* Data segment

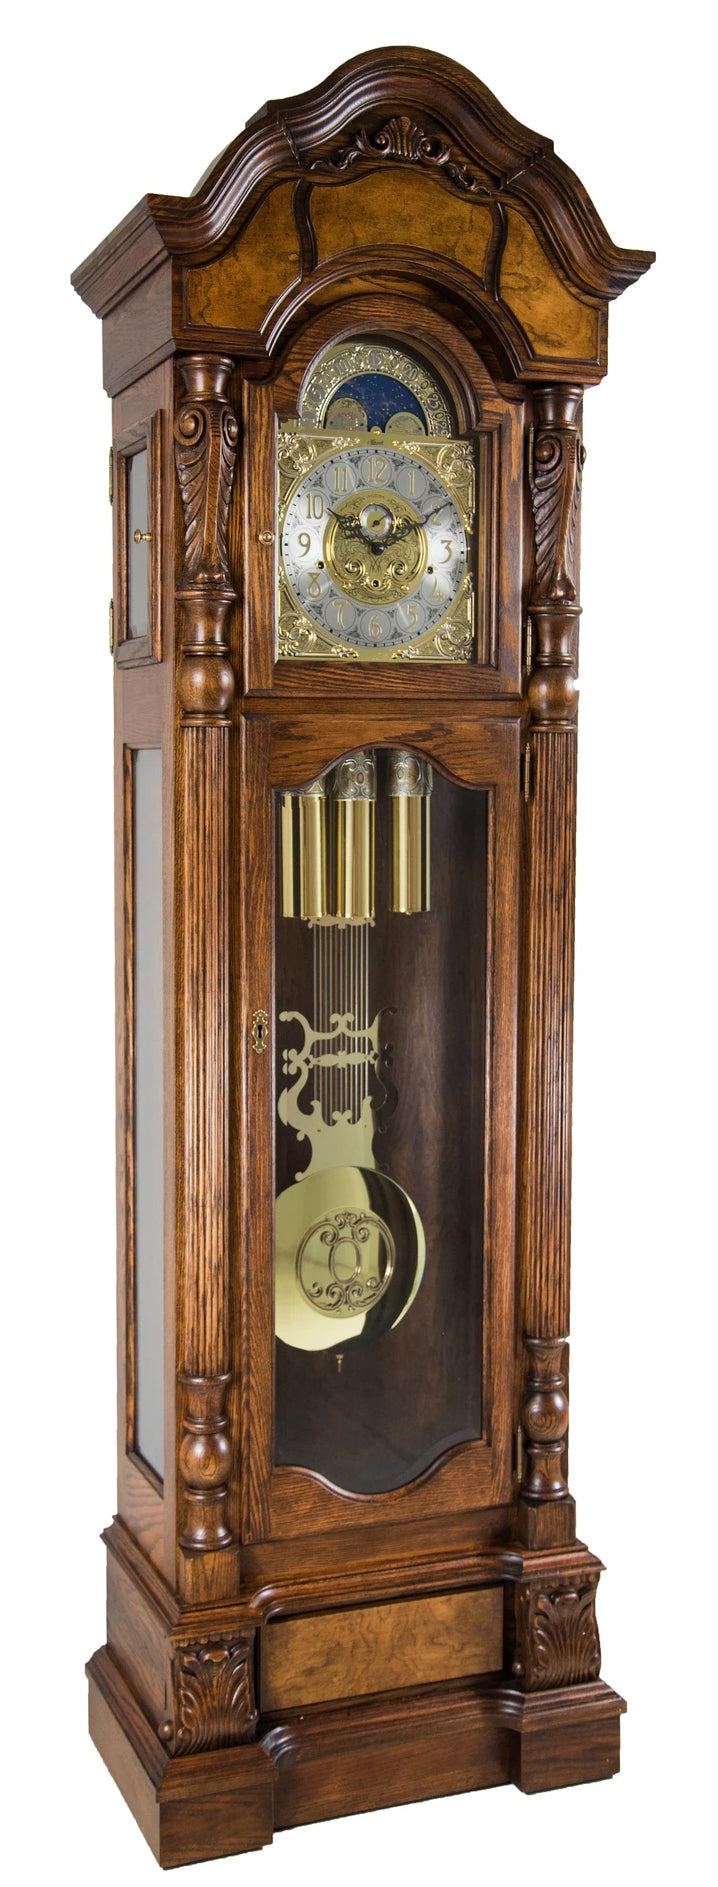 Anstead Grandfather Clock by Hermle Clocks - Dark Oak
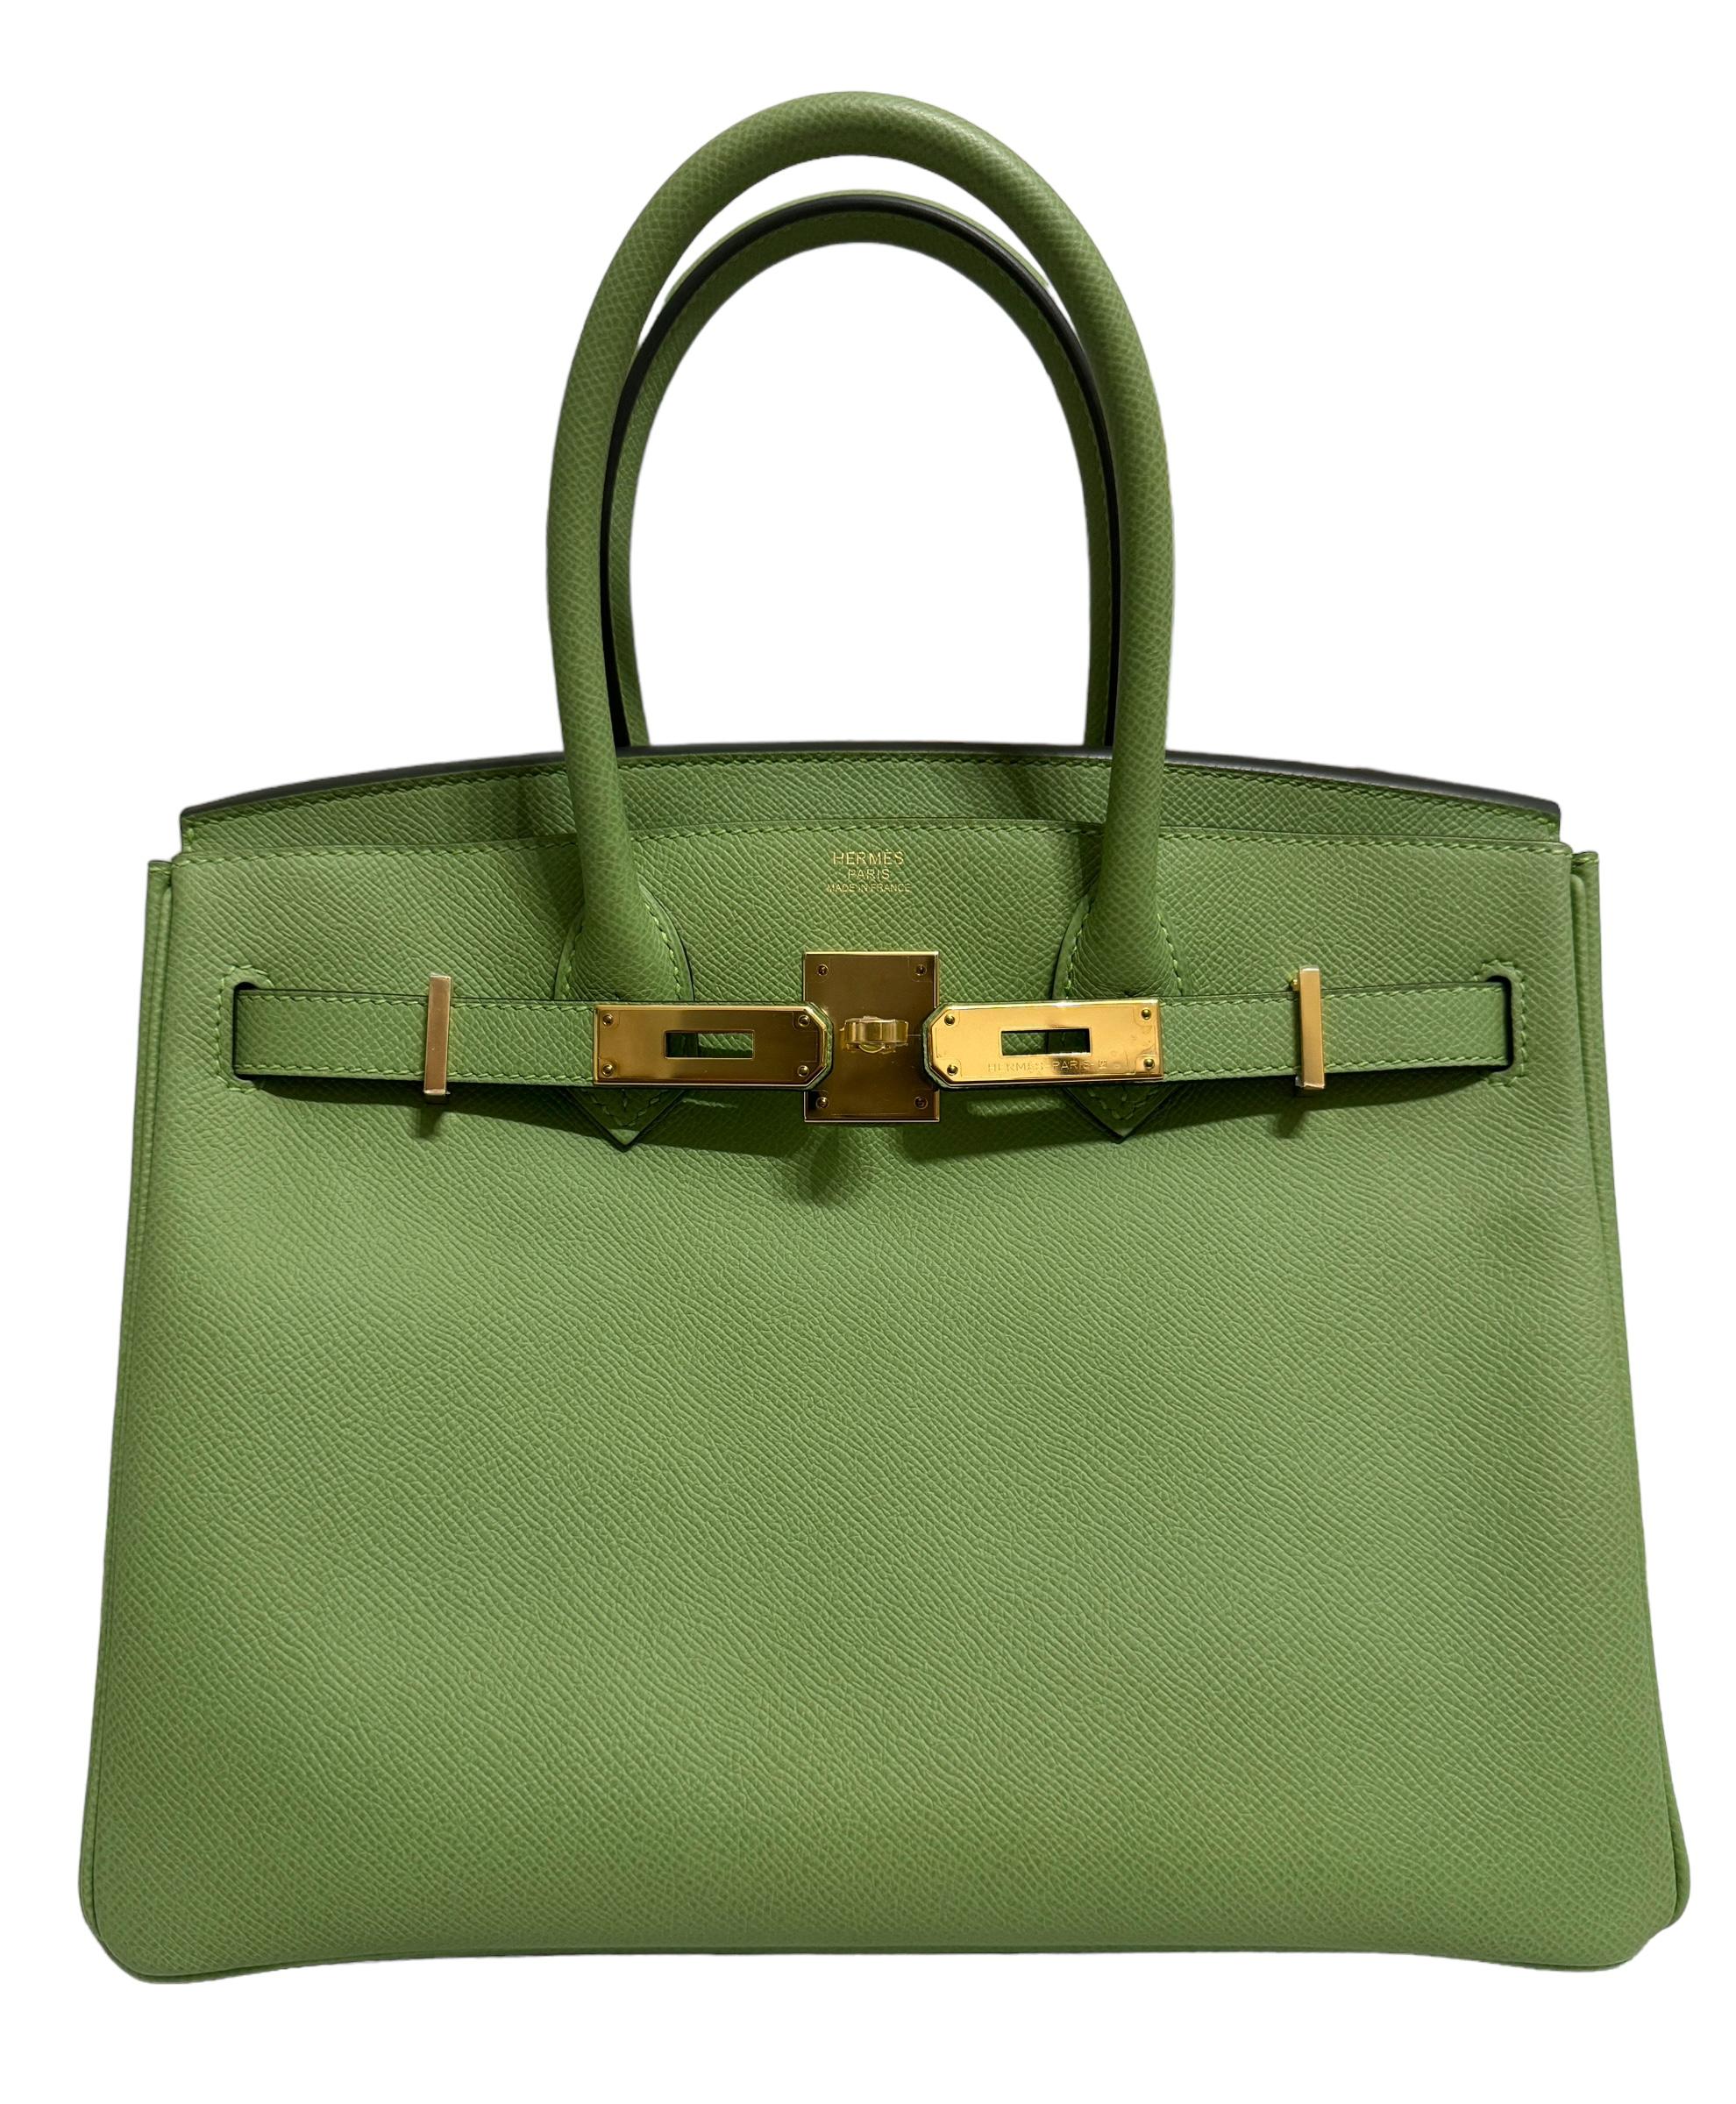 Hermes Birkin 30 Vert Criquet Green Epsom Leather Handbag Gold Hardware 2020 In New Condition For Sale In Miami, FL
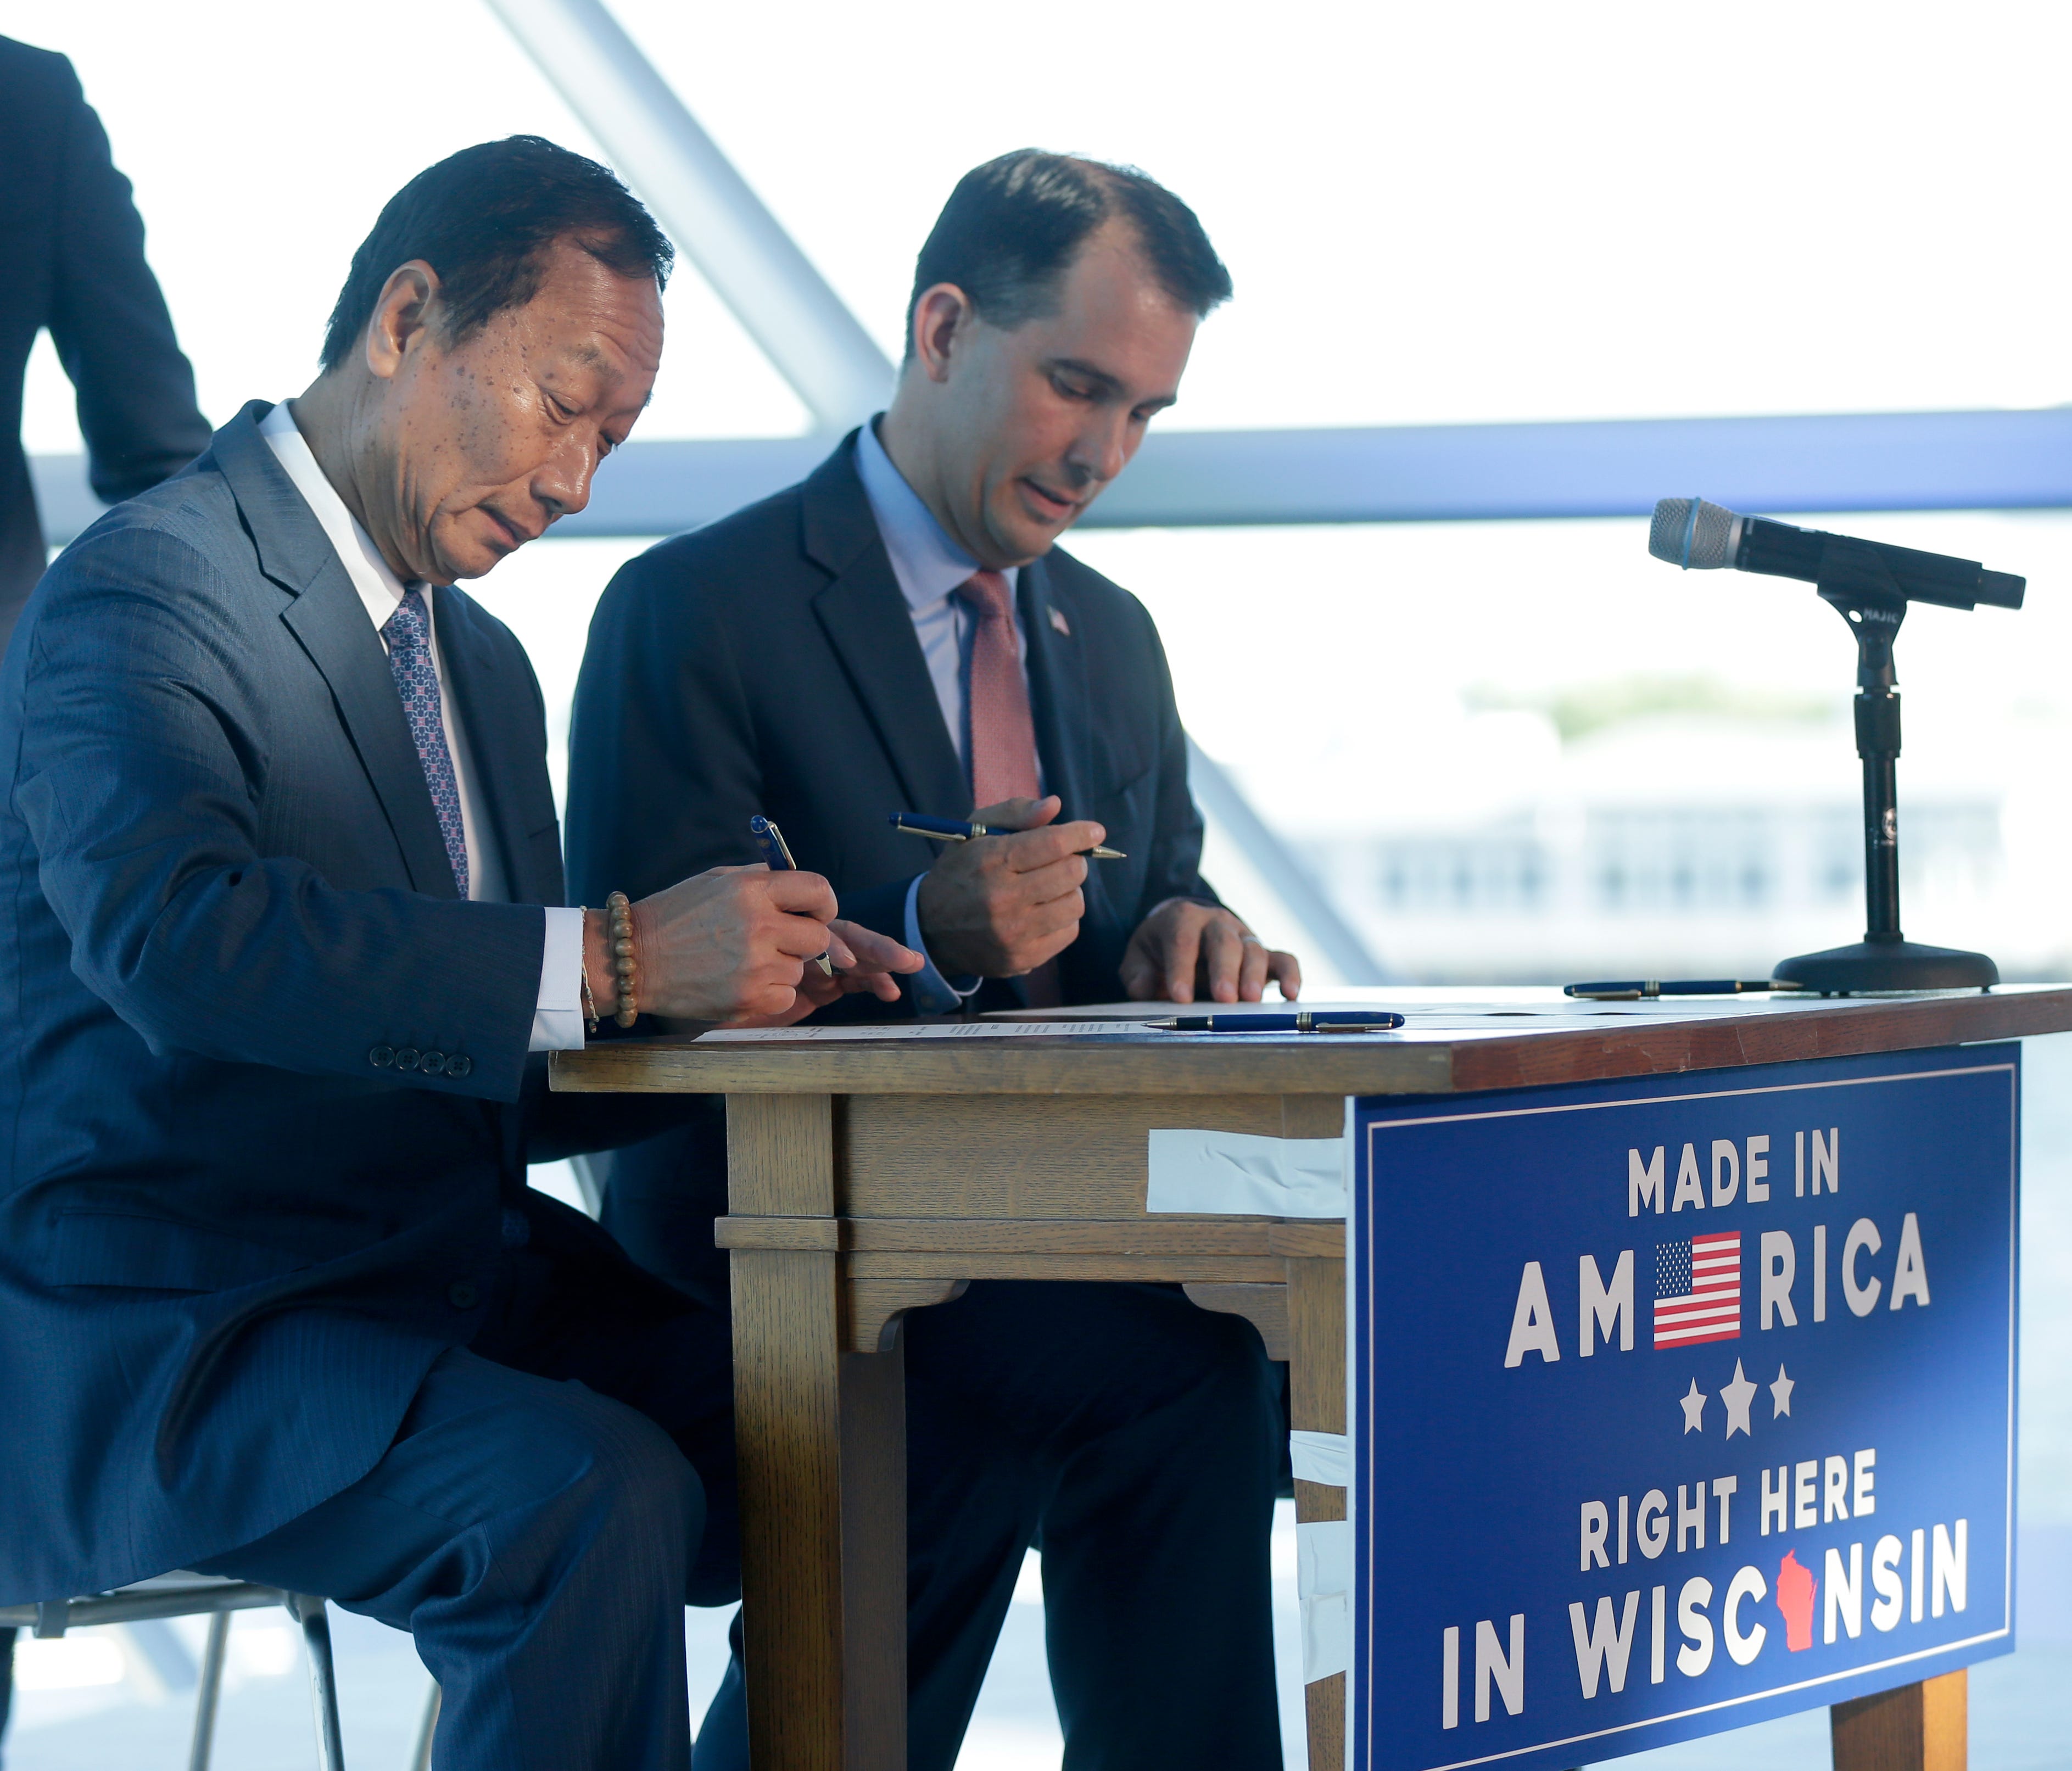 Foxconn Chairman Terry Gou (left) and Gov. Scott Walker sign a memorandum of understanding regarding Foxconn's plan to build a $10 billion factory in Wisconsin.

* Task goal
Exactly repeat only the lines from the one with "Hermes Birkin 30" to the closing line above, both included, and omit every picture.

* Result of this exercise
 Hermes Birkin 30 Vert Criquet Green Epsom Leather Handbag Gold Hardware 2020 In New Condition For Sale In Miami, FL
 Foxconn Chairman Terry Gou (left) and Gov. Scott Walker sign a memorandum of understanding regarding Foxconn's plan to build a $10 billion factory in Wisconsin.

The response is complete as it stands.